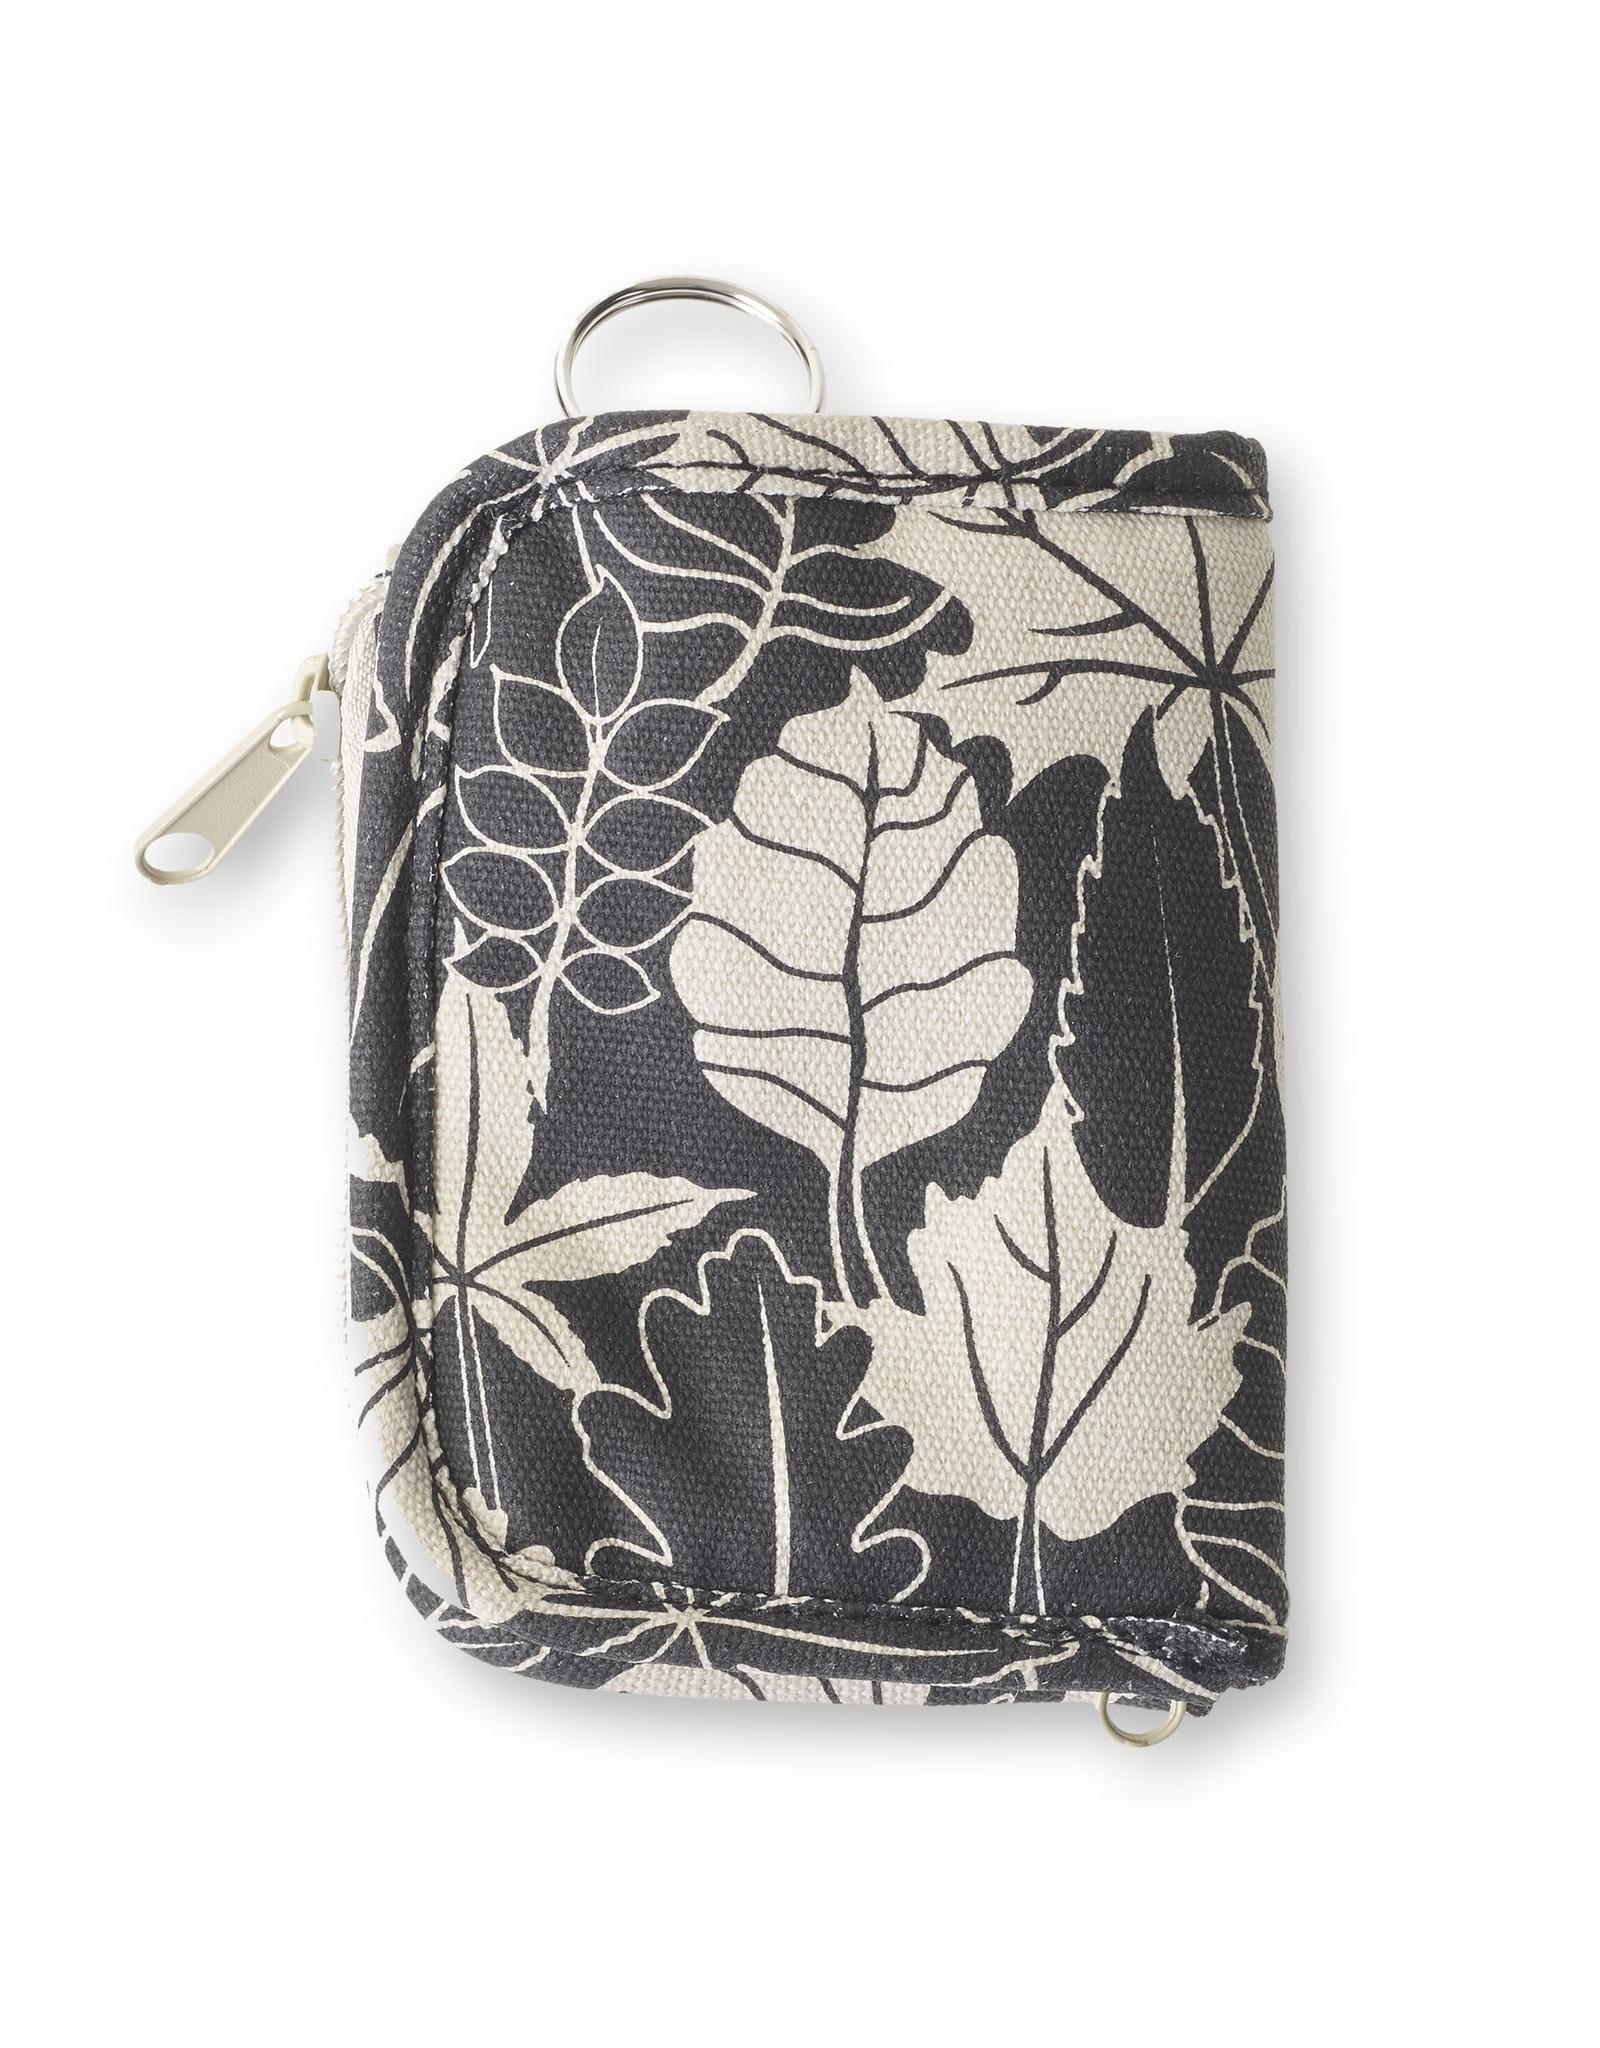 Kavu Zippy Wallet - BW Leaf
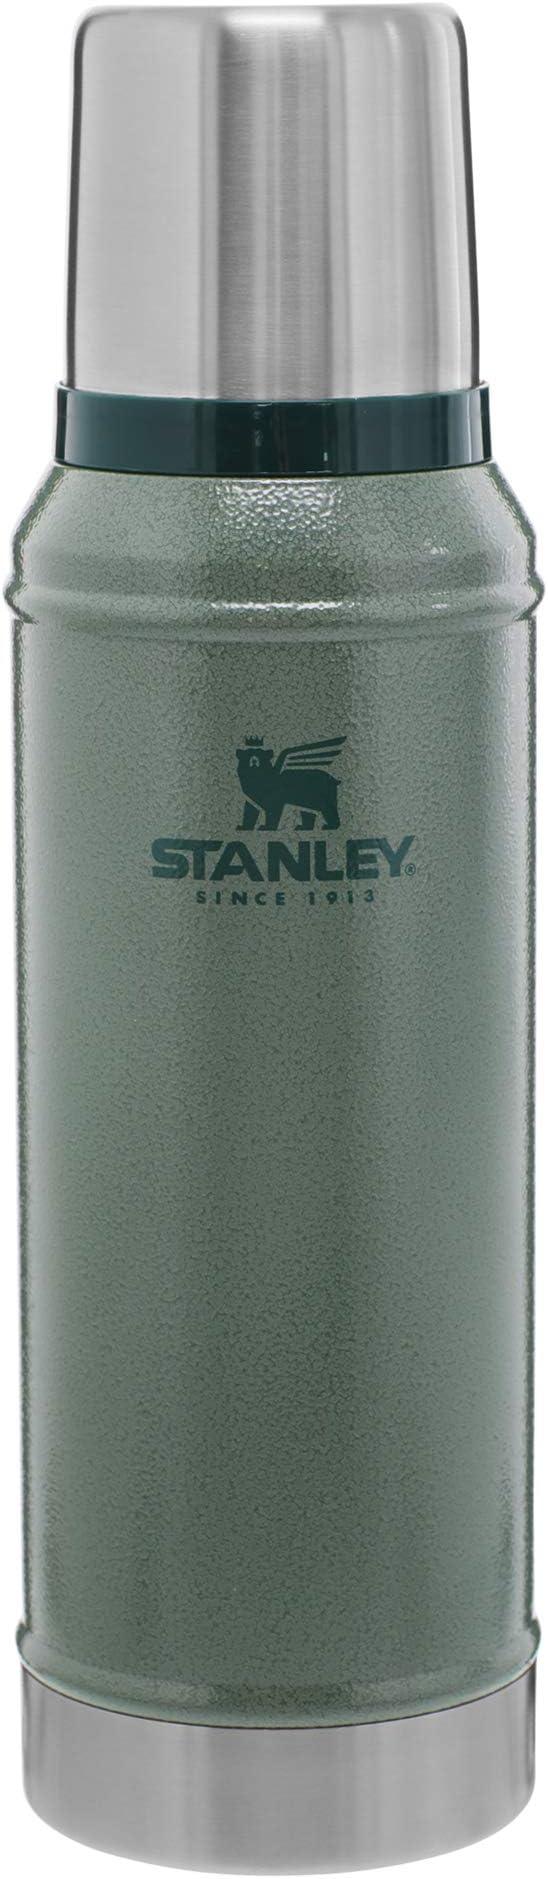 Stanley Classic Legendary Vacuum Insulated Bottle Hammertone Green 1.0qt
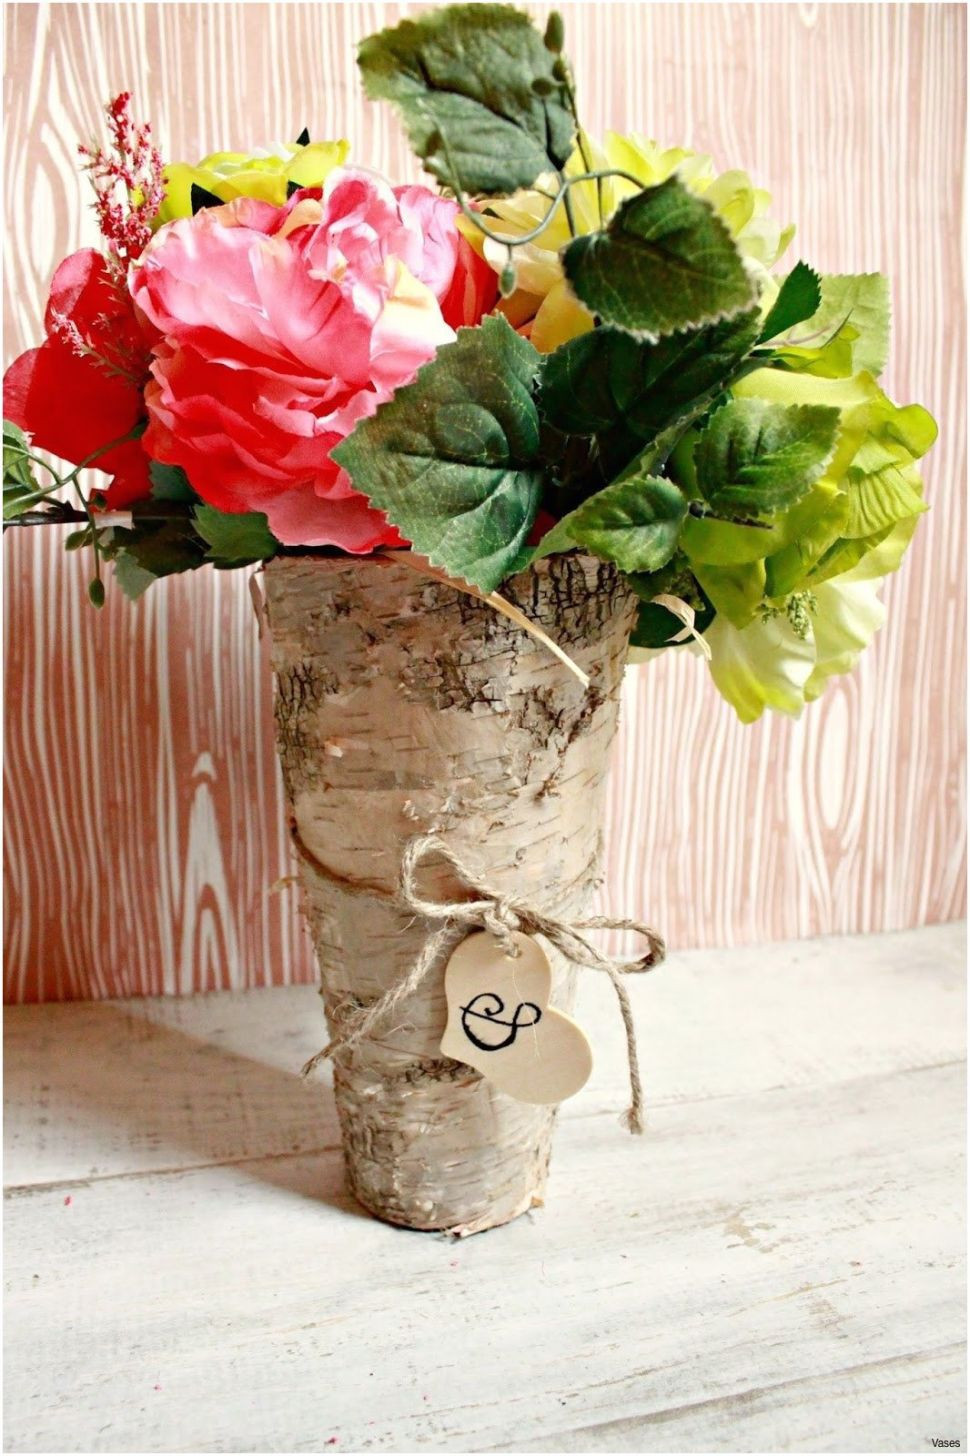 vase with pink roses van gogh of 10 awesome small flower vase online bogekompresorturkiye com throughout silk flower depot outstanding silk flower depot flower arrangements elegant floral arrangements 0d 1066 99
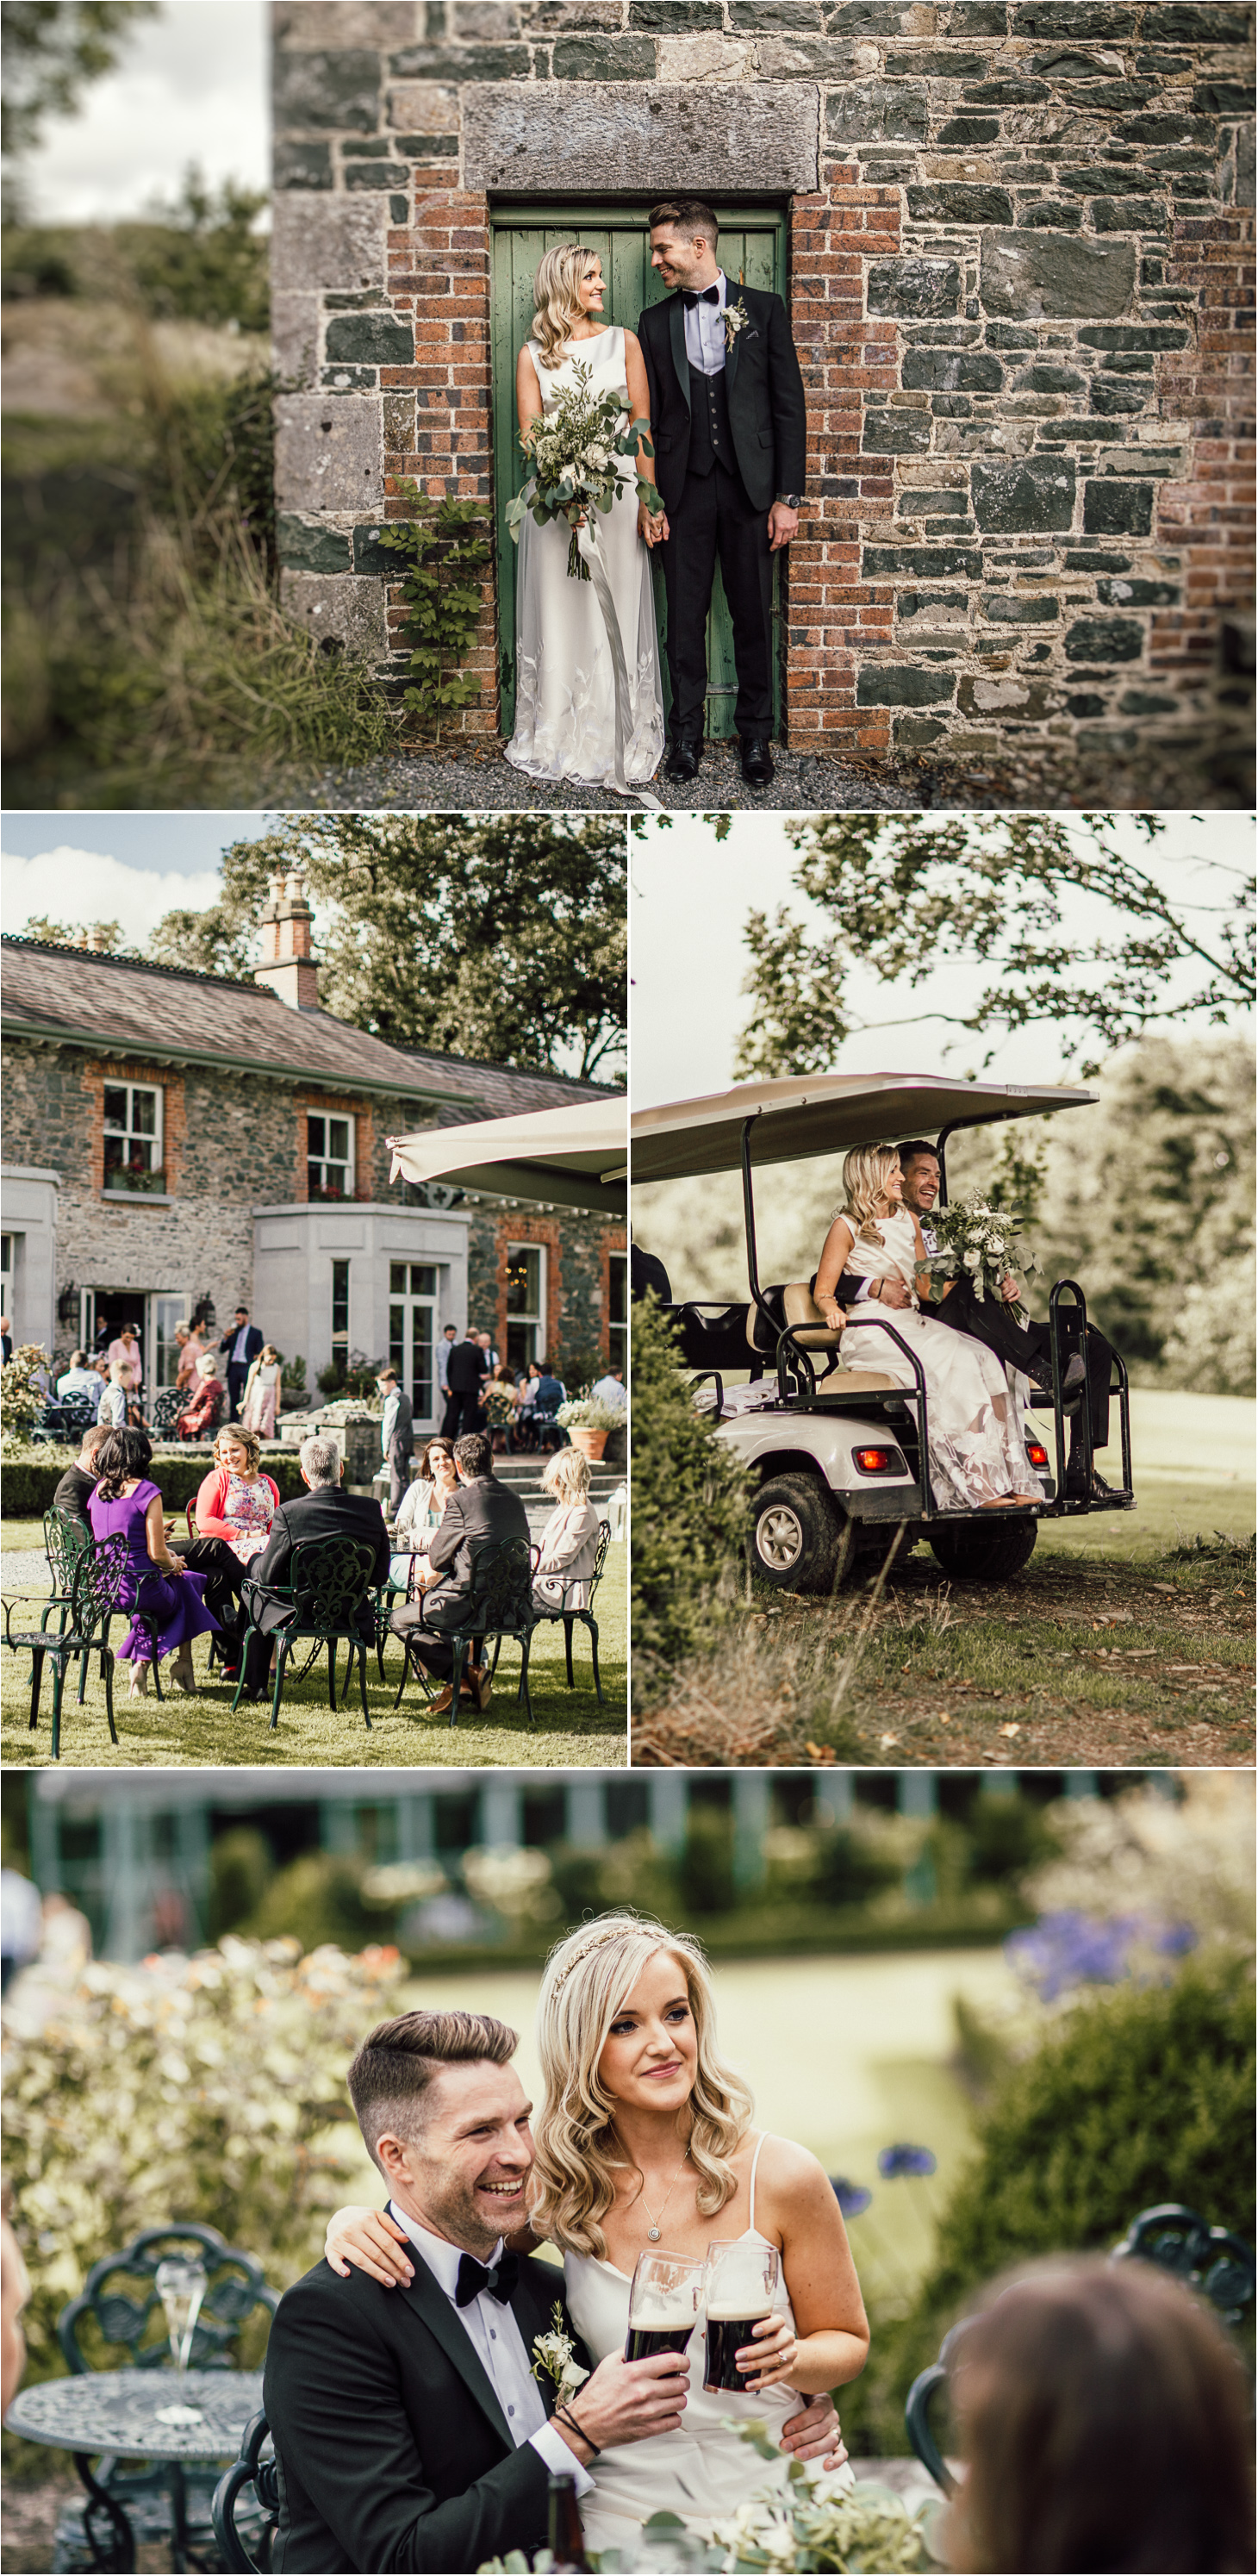 Virgina Lodge Photography. darren fitzpatrick. Wedding.21

◆ **What you need to do**
Any picture in the material is to be dropped; the rest is repeated exactly.

◆ **Result of this exercise**
 Kavu Zippy Wallet - BW Leaf
 Stanley Classic Legendary Vacuum Insulated Bottle Hammertone Green 1.0qt
 vase with pink roses van gogh of 10 awesome small flower vase online bogekompresorturkiye com throughout silk flower depot outstanding silk flower depot flower arrangements elegant floral arrangements 0d 1066 99
 Virgina Lodge Photography. darren fitzpatrick. Wedding.21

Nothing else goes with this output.